Consumers change their cars more often than they do their smartphones as their mindset shifts towards “usership rather than ownership”, according to HPI.
Data produced by HPI reveals that some car manufacturers now see average returns of vehicles in 18 months compared to an average mobile phone contract of 24 or 36 months, meaning that some motorists may change their vehicle twice before they change their phone contract again.
Ideally, a mattress should be replaced every eight years (or 96 months) meaning that in the lifetime of one mattress a consumer could have changed their car five times, HPI highlighted.
James Dower, used car specialist at HPI, said: “We are continuing to see the iphonification of the automotive industry as consumers increasingly pay to drive rather than pay to own their cars.

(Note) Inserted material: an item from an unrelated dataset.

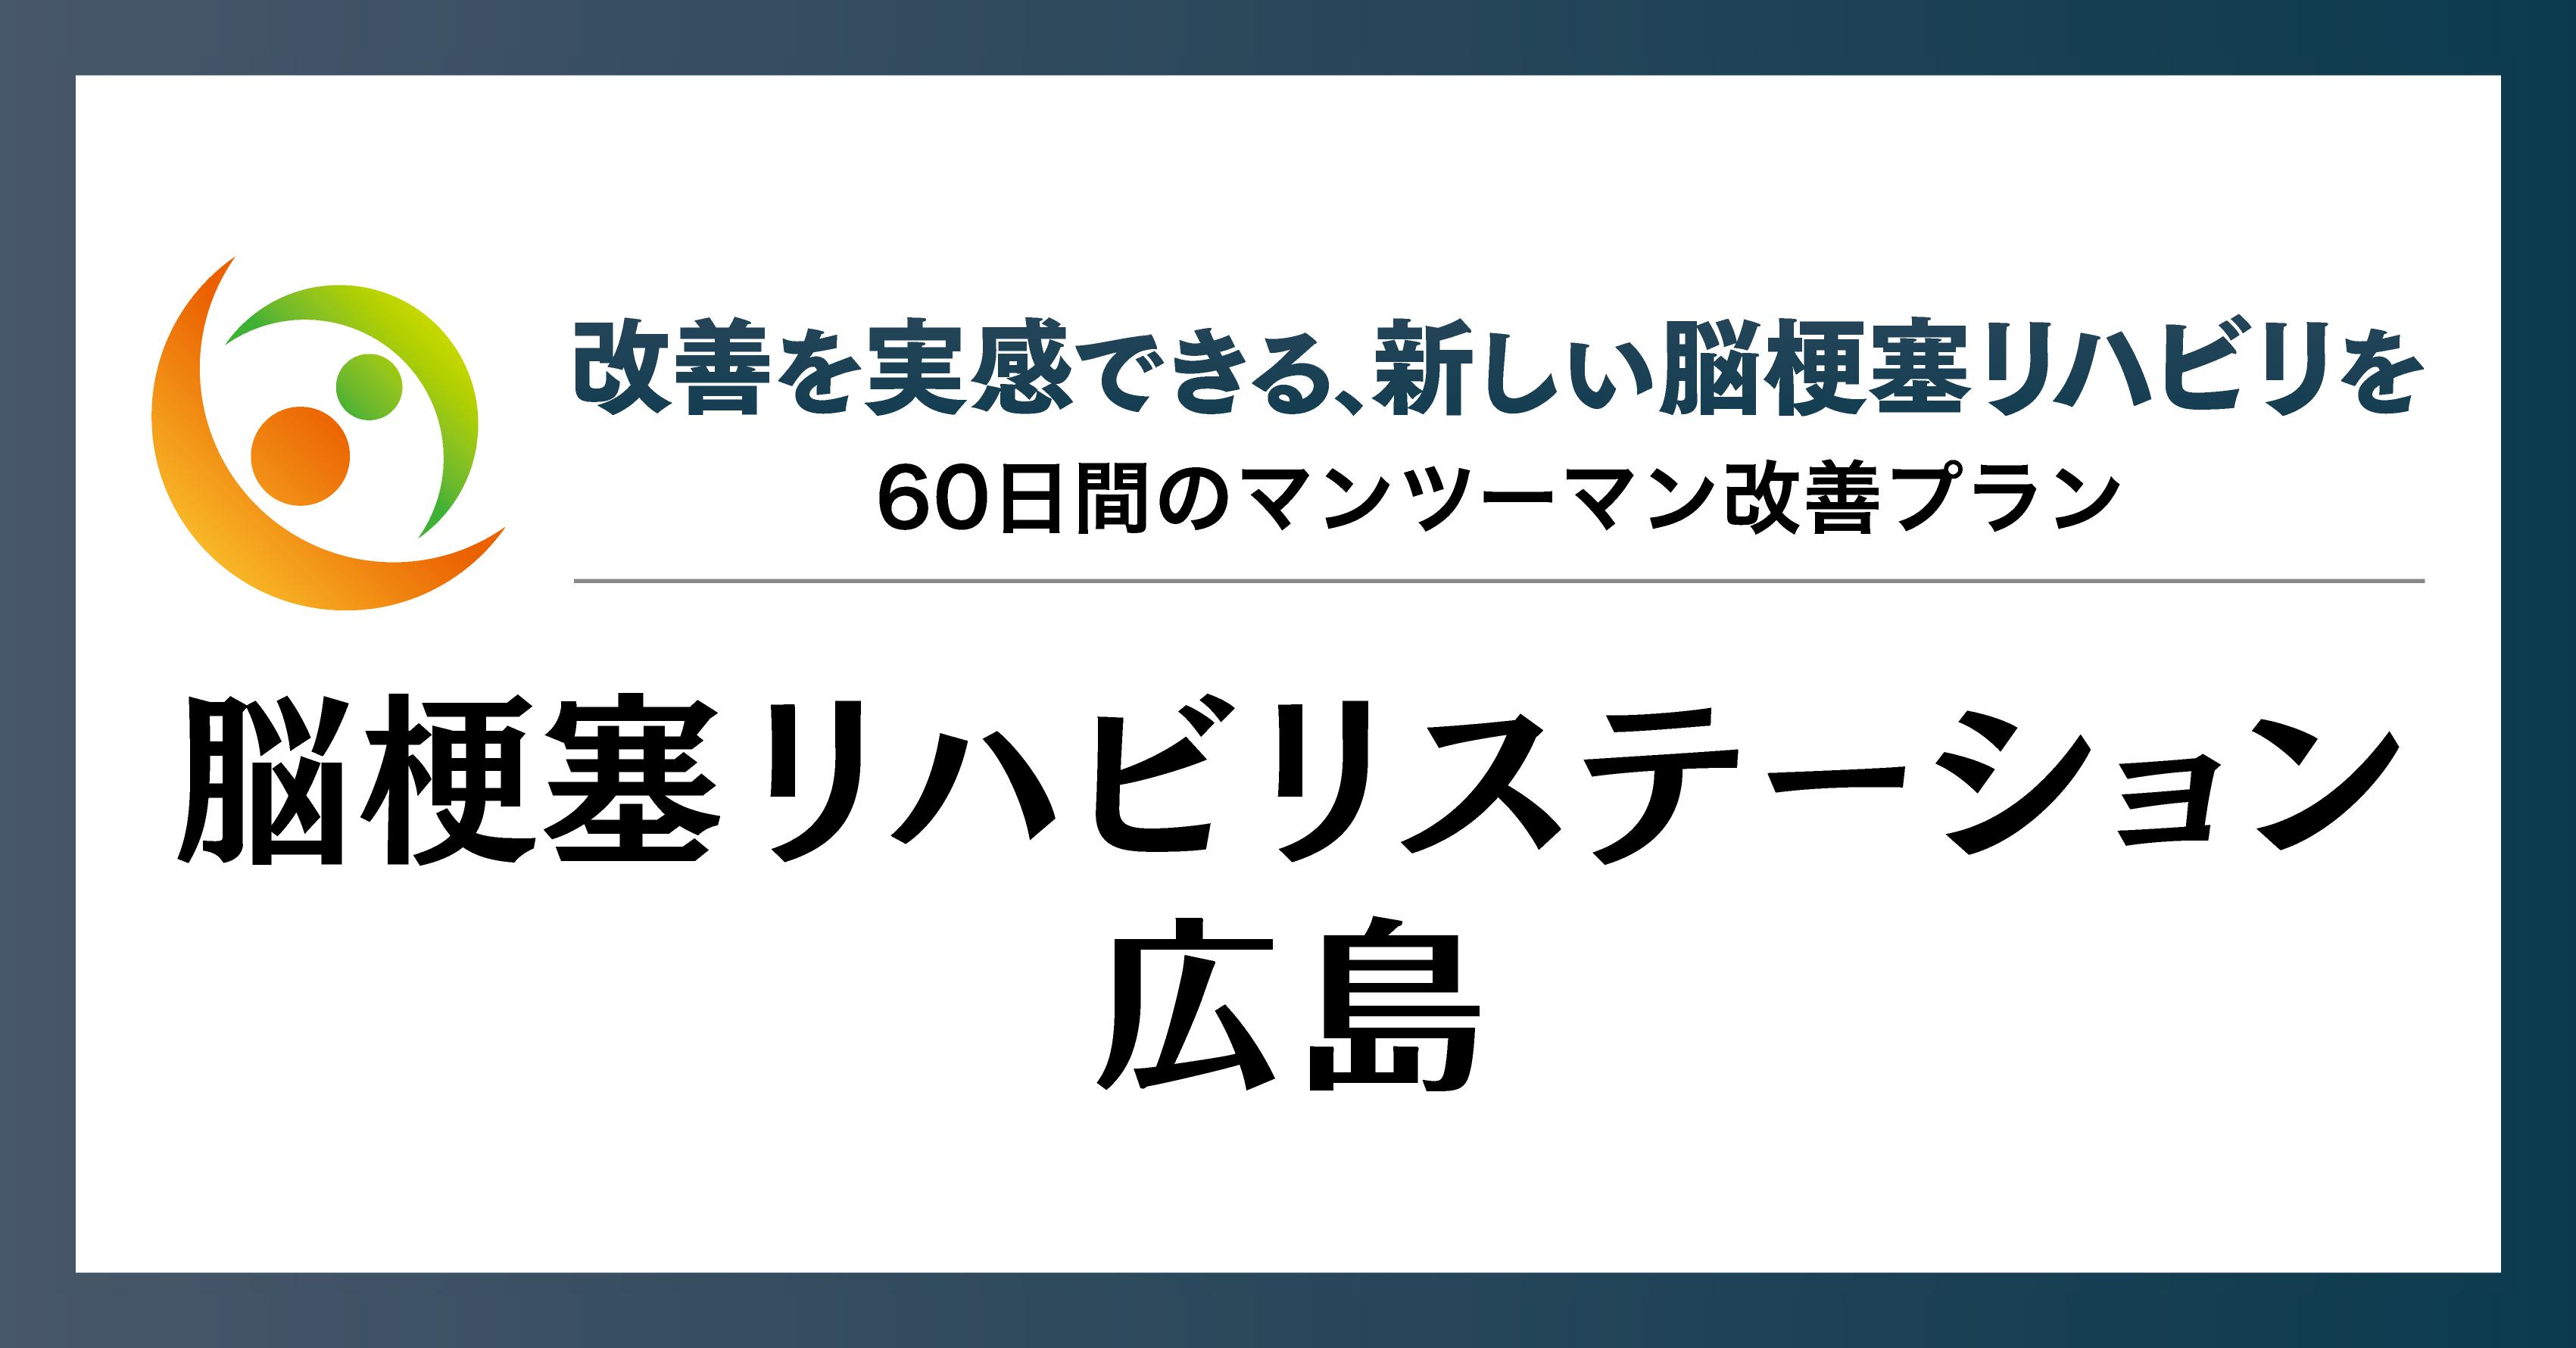 ロゴバナー 広島2

“It’s the same model as the mobile phone industry where people are comfortable paying a monthly fee – only they are now doing this with cars as well as their mobile phones.”
Personal contract purchase (PCP) and other finance options are having a profound effect on car ownership which is why the motor industry is witnessing consumers changing their cars more often than household objects such as bedding and their mobile devices.
Personal Contract Hire (PCH) is also on the increase, as consumers increasingly look towards usership rather than ownership, HPI said.
HPI estimates that around 80% of new car sales are financed.
Dower added: “After buying a house, the car was traditionally the biggest outlay for most consumers, but now they are far more likely to change their car more often than their technology products or some regular household objects. The car is still a status symbol and getting a new one allows people to show off to a degree.
“Changing cars with such regularity was almost unheard of just ten years ago. Previously it was fairly common for motorists to have their vehicles for a minimum of five years or longer but that has now changed dramatically and dropped to just two years for millions of drivers.”